Town moved to The SBS Stadium which was opened by Sir Bobby Charlton in 2002 after selling their previous home at The Riddings Park for housing. It boasts a well-appointed main stand with physio room and club offices, and two 'full-sized' floodlit football pitches (one grass, one artificial). In 2004 it hosted an international match between the England learning difficulties football team and their German counterparts.
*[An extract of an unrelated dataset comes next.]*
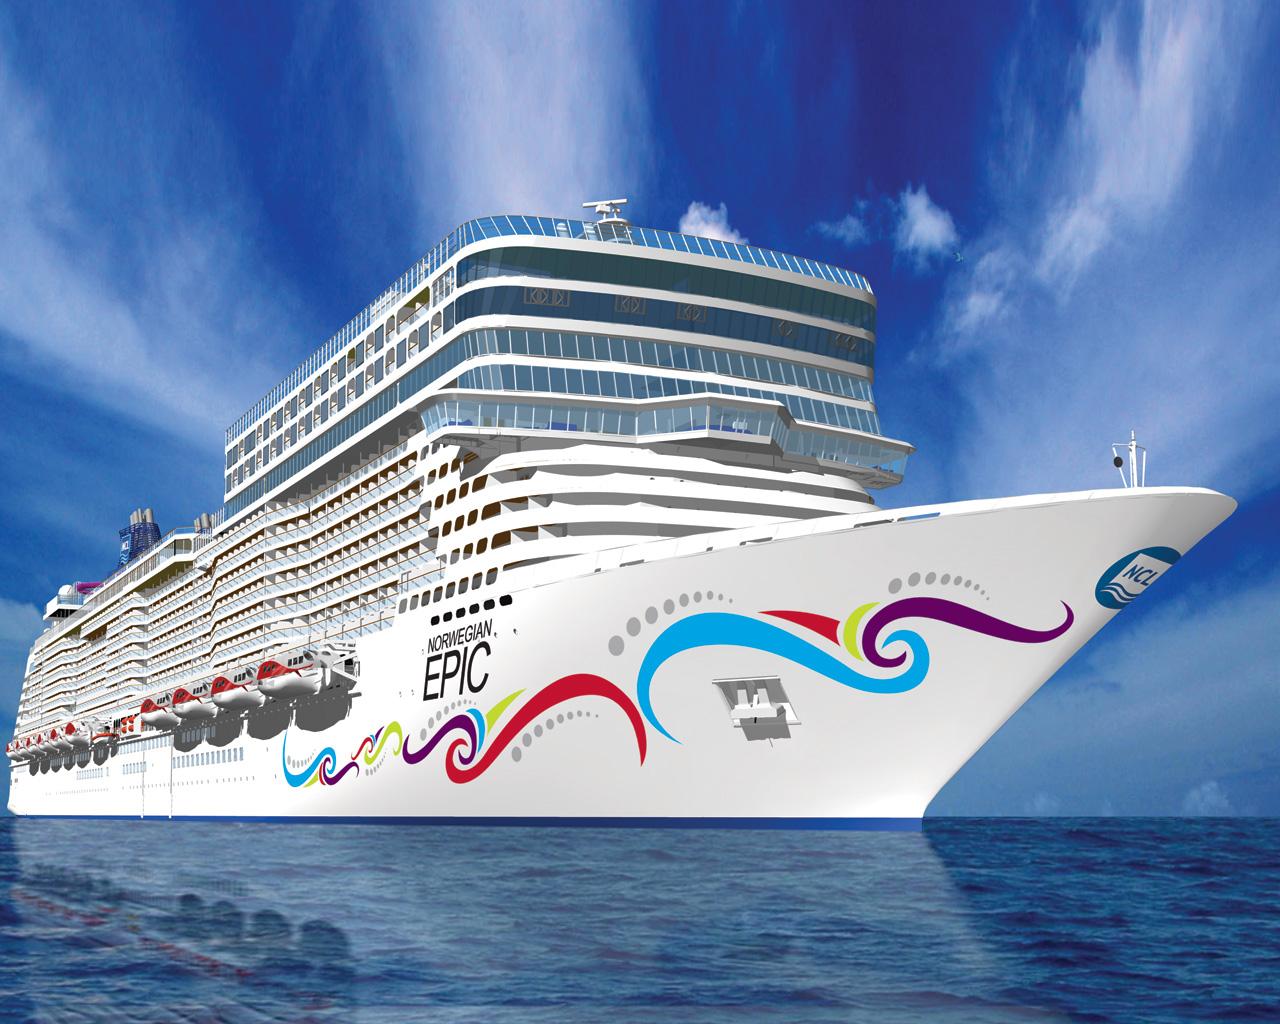 http://4.bp.blogspot.com/-nQCpMzEvMAw/TcZ1ACscjMI/AAAAAAAAAHk/RC633hlhYyo/s1600/Royal+Caribbean+Cruises+New+%252814%2529.jpg

On 3 August 2008 it also hosted a Legends Match between Manchester United and Liverpool.

A deal to sell the ground (and lease it back to the club) to cancel out the club's considerable debts in 2011 failed. This was a major factor in the club's folding in 2012.

The stadium was eventually sold in April 2013 to a consortium fronted by local businessman Matt Davies. At the time, Davies said he planned to use it for various sports. However the following year Davies announced that "I'm intending to close the club – that's the long and short of it".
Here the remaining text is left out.